Humphrey was born in Black Point, San Francisco, California on March 5, 1875. His father was major general and Medal of Honor recipient Charles Frederic Humphrey Sr., his brothers were Brigadier General Charles F. Humphrey and Marine Corps Colonel Marion Bell Humphrey. Humphrey married Clara Swift, daughter of Major General Eben Swift and sister of Major General Innis P. Swift.

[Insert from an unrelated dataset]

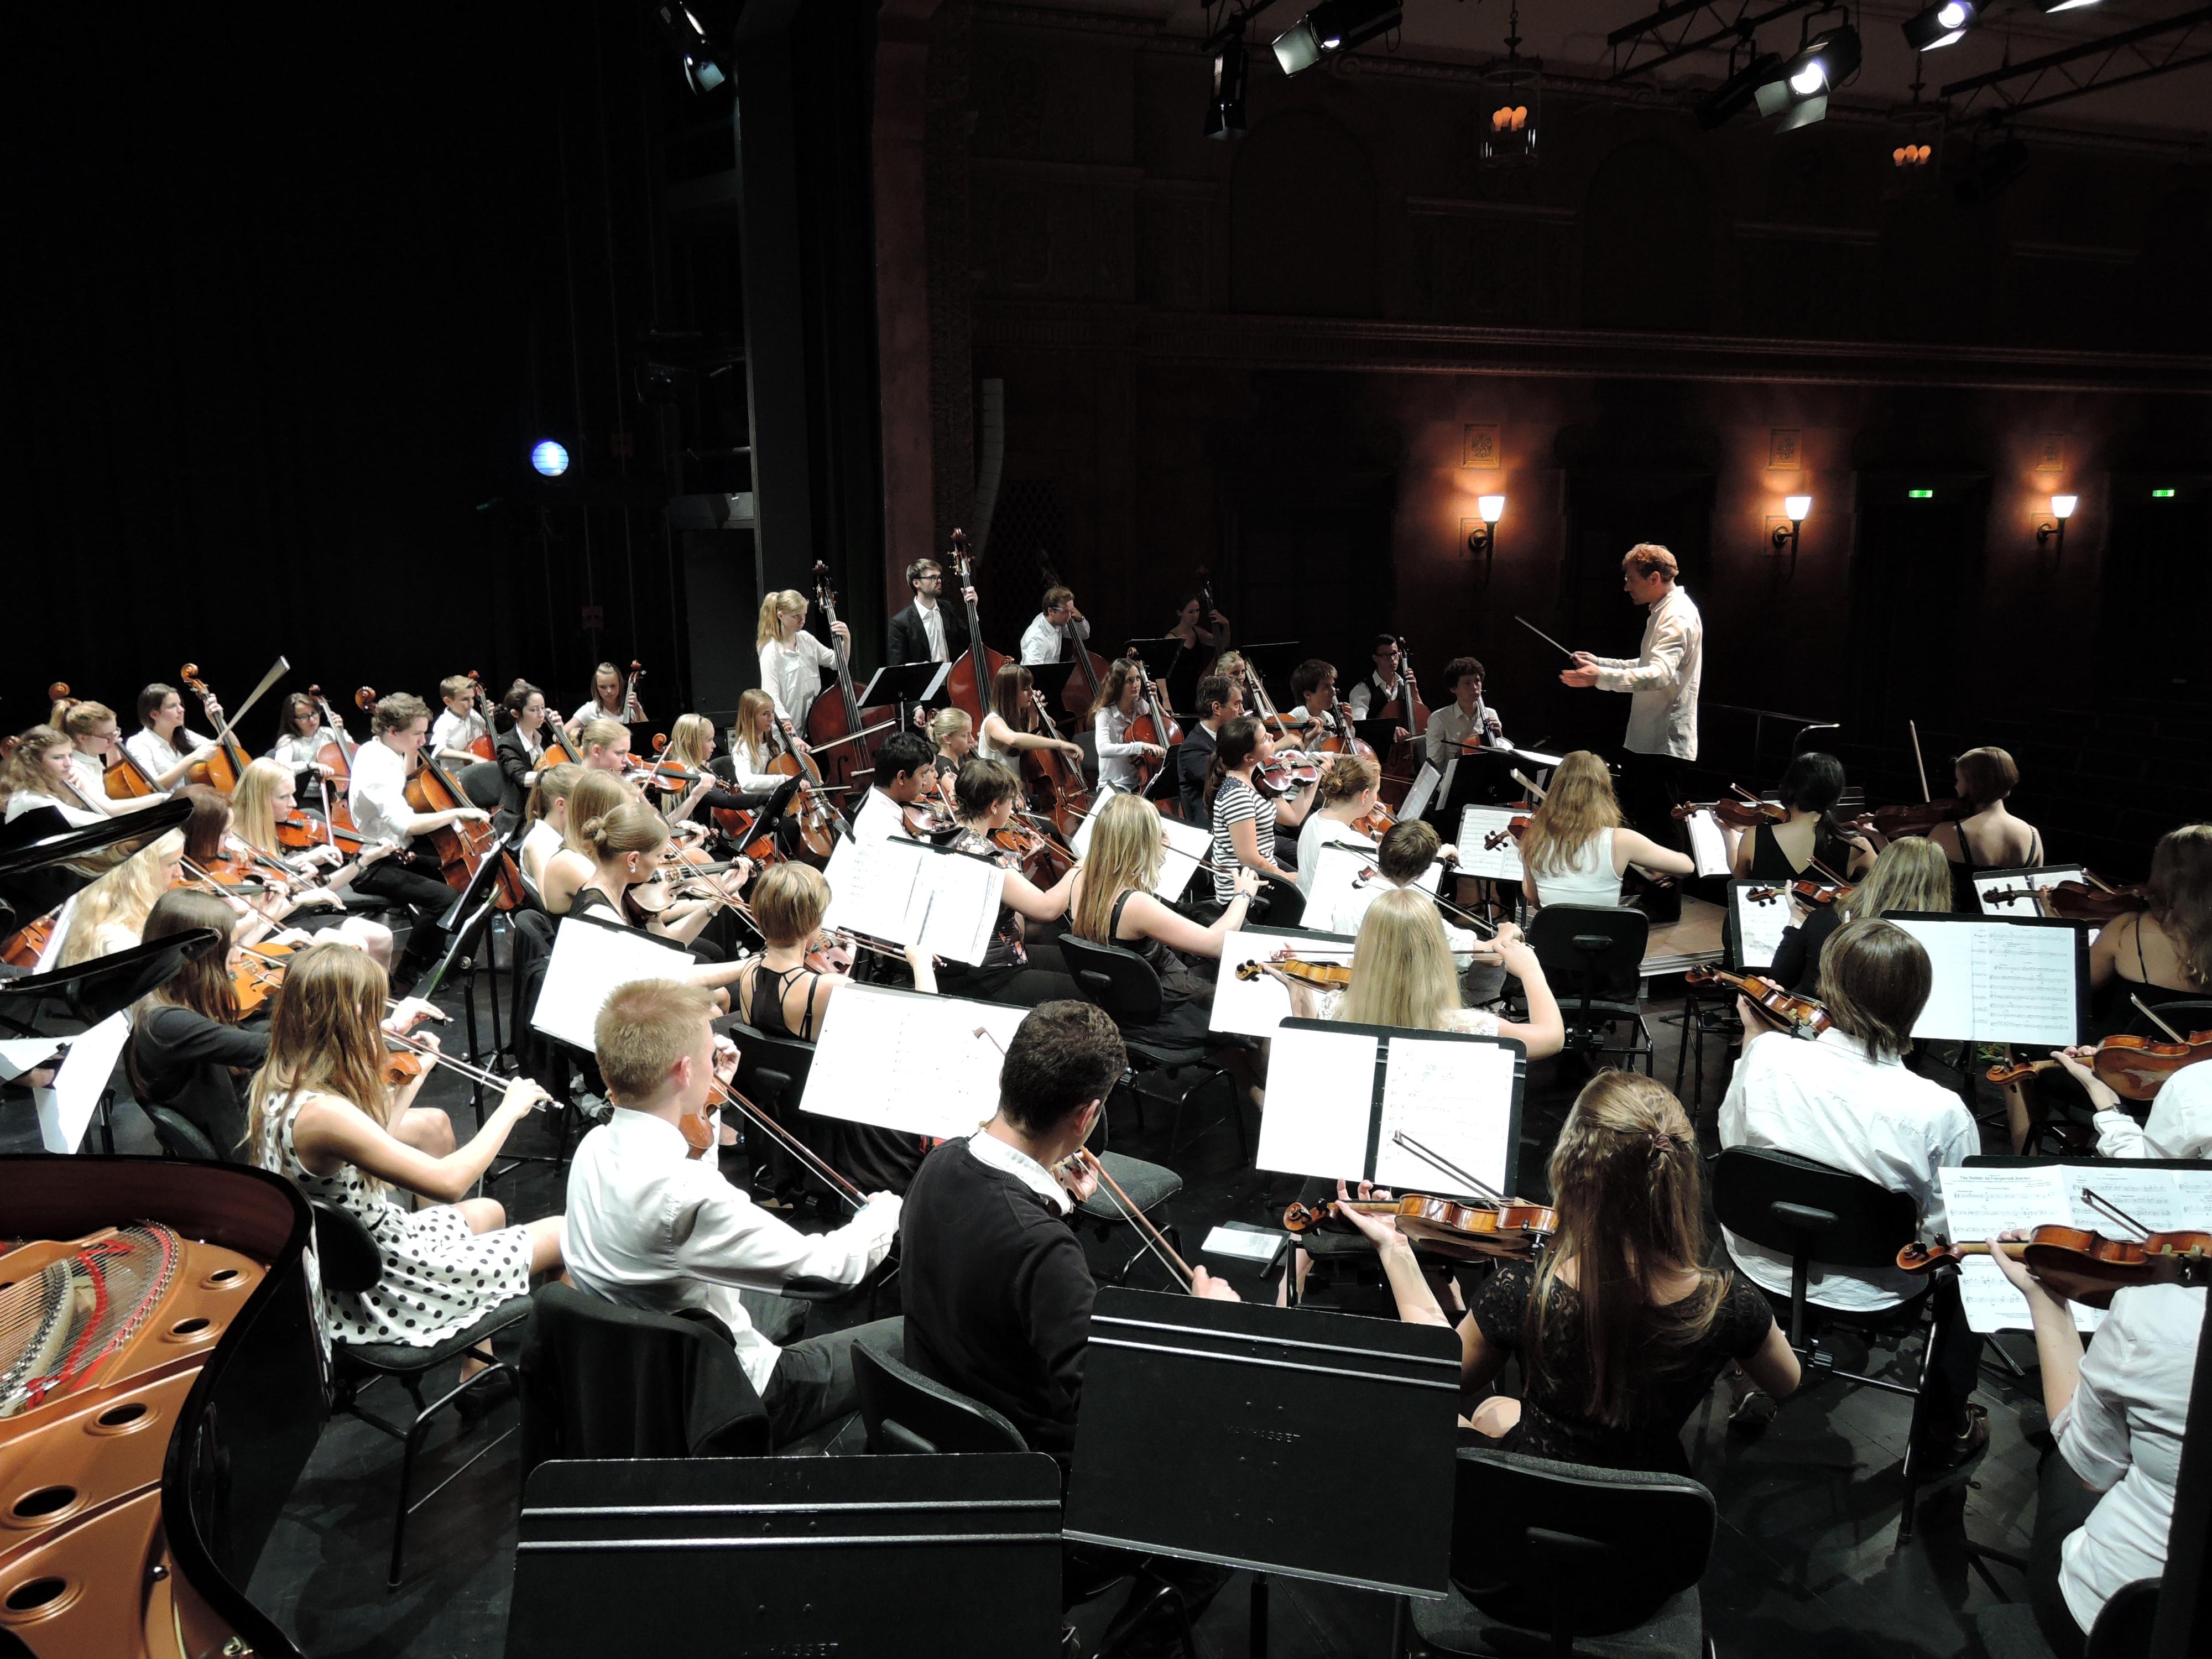 2014 - Foto VJI (Theater Uri5)

He died in San Antonio, Texas on August 30, 1963. Humphrey, along with Clara (1891–1942), are buried at Arlington National Cemetery.

==Career==
Humphrey graduated from the United States Military Academy in 1899 as a cavalry officer and was stationed in Cuba. From 1905 to 1906, he served in the Philippines. From 1910 to 1912, Humphrey was a troop commander in the 7th Cavalry. From 1912 to 1916, he was battalion commander in the Philippine Scouts.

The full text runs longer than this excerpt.